A poem addressed to the late Dennis O’Driscoll relates the progress of his funeral, a conceit worthy of the younger poet himself, with a dryness of language, and a gravitas not unlike his. Coady’s dismissal of the difficulty of communicating with the dead is characteristic. The people in his poetic mirror of Carrick are half-submerged in their history and that of their families. They are connected with the recorded traumas of war and poverty (as with the story of the poet’s great-grandmother dying in childbirth in the workhouse ward in 1881); they are often commemorated by reference to their funerals, that ultimate validation of Irish lives. An American visitor walks into a pub and calls for “any of the Ryans / buried in Cill an Easpaig” and two women and “an old man holding cards” respond; your identity belongs to the place where you will be buried.
The figures in these poems cohabit in the book as in the town, create a network, pinned sometimes it might seem haphazardly together by musical tastes, cinematic fantasies, wild reputations, or anchored by sharing momentous experiences. Friendship and acquaintance radiate outward from families into localities and histories. In the prose piece “It All Depends”, a Tipperary hurler, who escaped from the shooting on Bloody Sunday in 1920, married a woman who played the church organ for the Latin hymns of Benediction or Quarant’Ore; she lived to be a hundred and is remembered in a conversation with a fourth-generation butcher in his shop. And the historical reach includes the Irish-speaking past: some of the poems gesture to the macaronic tradition with refrains in Irish, and there is an elegant version of Raftery’s “Cill Aodáin”.

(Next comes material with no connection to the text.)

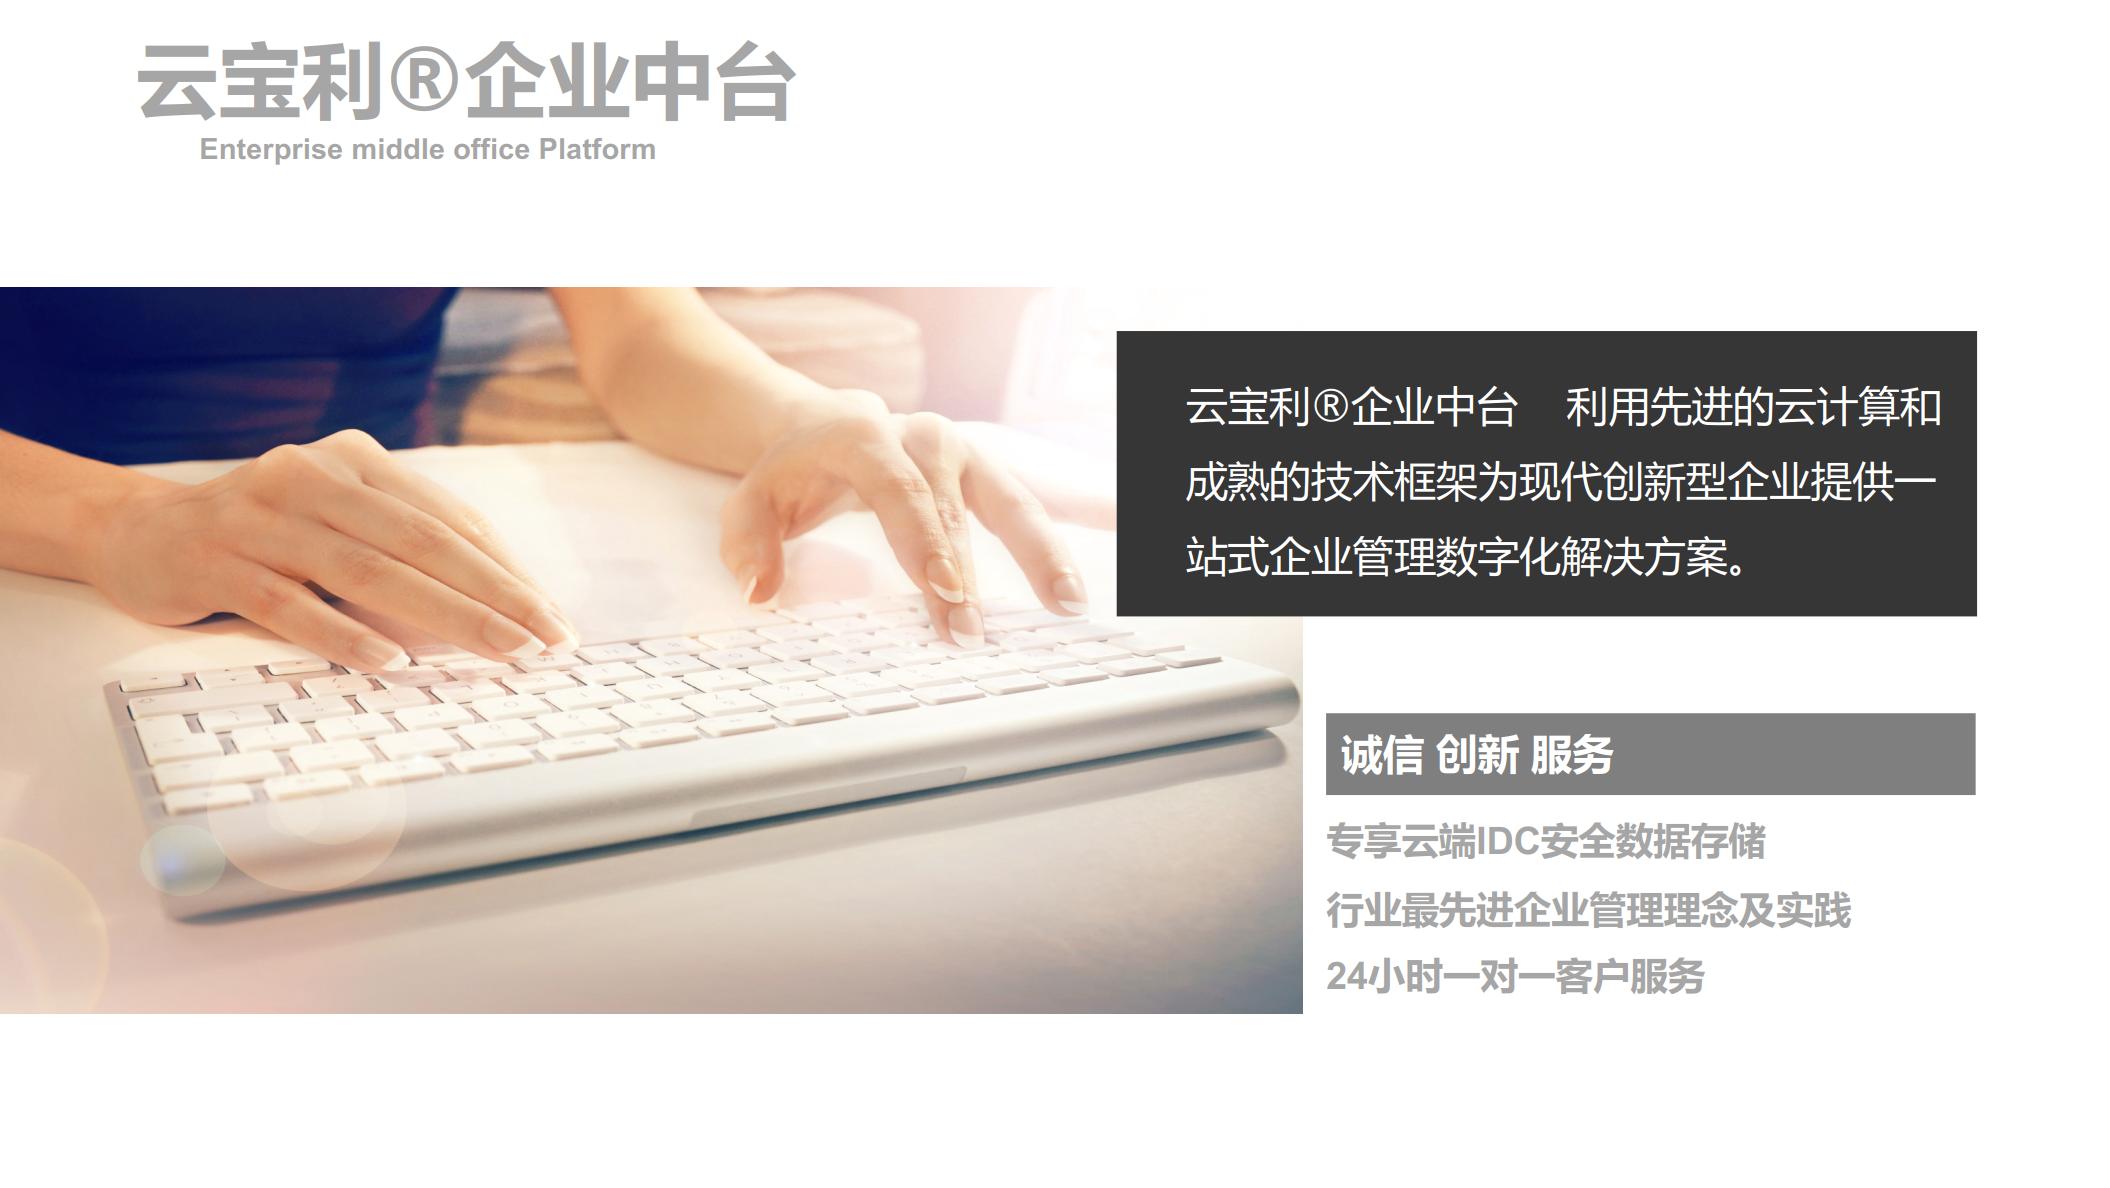 云宝利企业中台简介_4.png

Music – church music, country and western, jazz – runs through the book, wells up from its depths and prevents it from replicating the kind of programmed and researched verse-chronicle that haunts the creative-writing schools. The subjects of Coady’s poems are passionately interesting to him, and they sprout and burst out of each other it seems spontaneously. While the verse is often plain, its lively conviction emerges from that directness; if the skill that shapes it is often hidden, it flashes and appears undeniably in such pieces as “Aisling” and “Diana in the Tide”. The two brief concluding lines of “How beautiful the feet”, “the word belovèd / sidelit in stone” might sum up this poet’s observant, profound, suitably eloquent account of life and death. Given Light comes out of a life, and gives due precedence to human life over art, and since this is the life of a poet, his unpretentious skill in handling his themes allows them to grow with their natural momentum and claim their real weight.
1/4/2019
Eiléan Ní Chuilleanáin is a poet and editor.